Over the same period, financial regulators have introduced much tougher mortgage affordability rules. First-time buyers can be expected to be interrogated about their income, their little luxuries and how they would cope if interest rates rose (contrary to our expectations in 2013, the Bank of England base rate has actually fallen). 

A criticism that still rings true, however, is that the mortgage guarantee scheme only helps boost demand for properties, while doing nothing about the lack of housing supply. Unlike its sister scheme, the Help to Buy equity loan scheme, there is no incentive for property companies to build more homes. According to FullFact, there were just 112,000 homes being built in England and Wales in 2010. By 2015, that had increased, but only to a mere 149,000.

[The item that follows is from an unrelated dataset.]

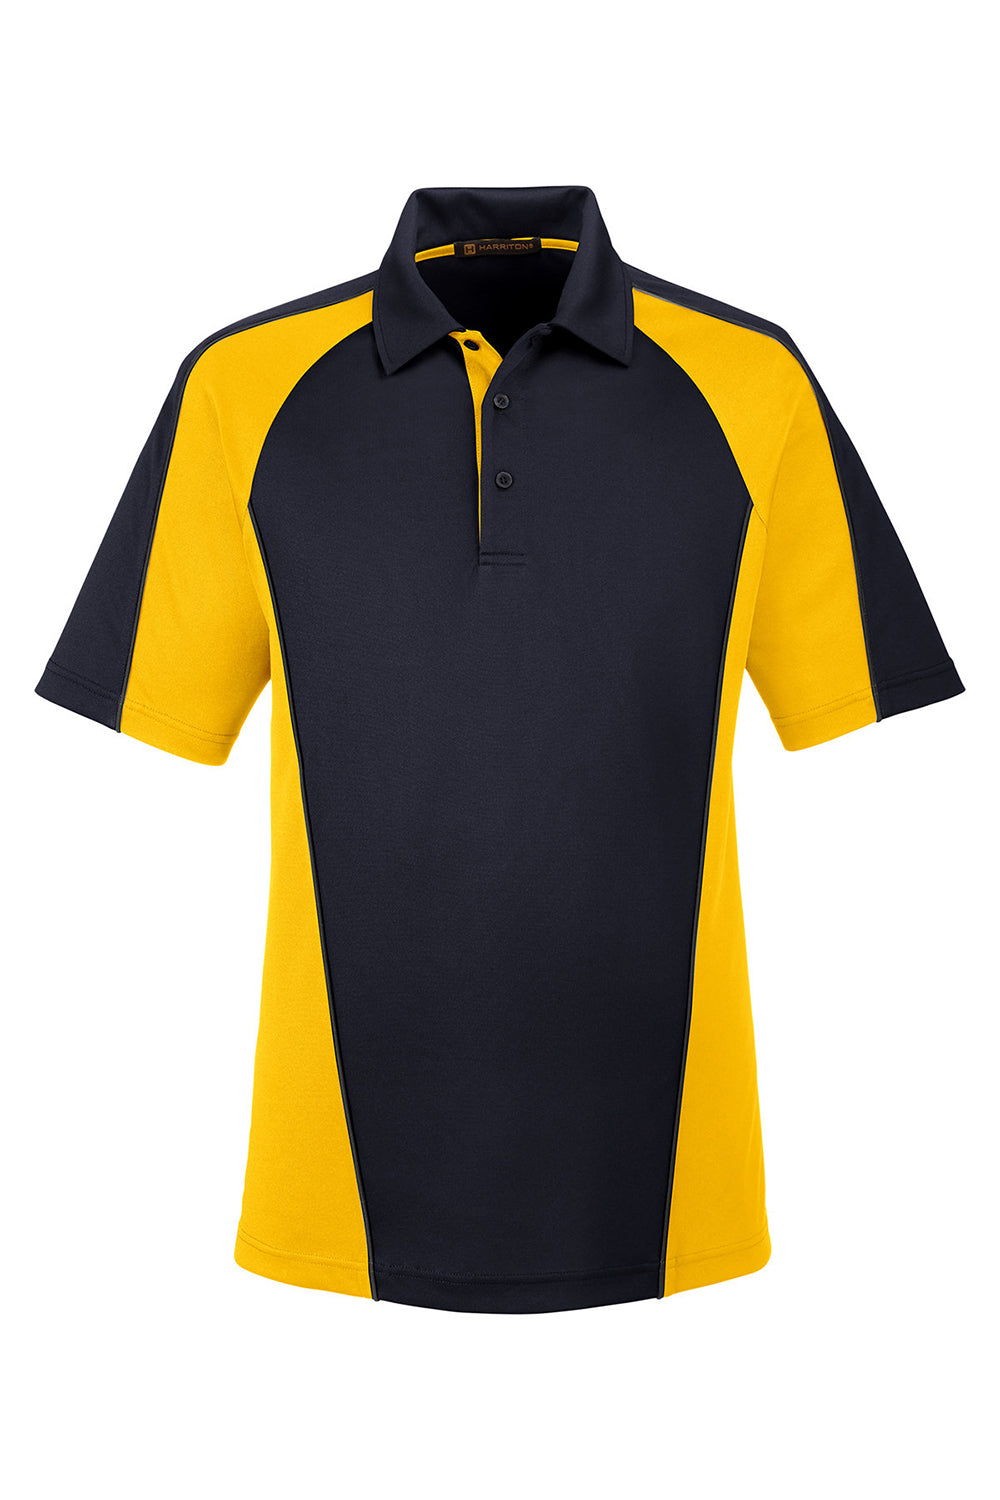 Harriton M385 Mens Advantage Performance Moisture Wicking Colorblock Short Sleeve Polo Shirt Black/Sunray Yellow Flat Front

This lack of supply helps to prop up house prices - one of the factors making it so difficult to get on the housing ladder in the first place. In July, the average house price in England was £233,000. This means a first-time buyer with a 5 per cent deposit of £11,650 would still need to be earning nearly £50,000 to meet most mortgage affordability criteria. In other words, the Help to Buy mortgage guarantee is targeted squarely at the middle class.

The Government plans to maintain the Help to Buy equity loan scheme, which is restricted to new builds, and the Help to Buy ISA, which rewards savers at a time of low interest rates. As for Help to Buy mortgage guarantee, the scheme may be dead, but so long as high street banks are offering 95 per cent mortgages, its effects are still with us.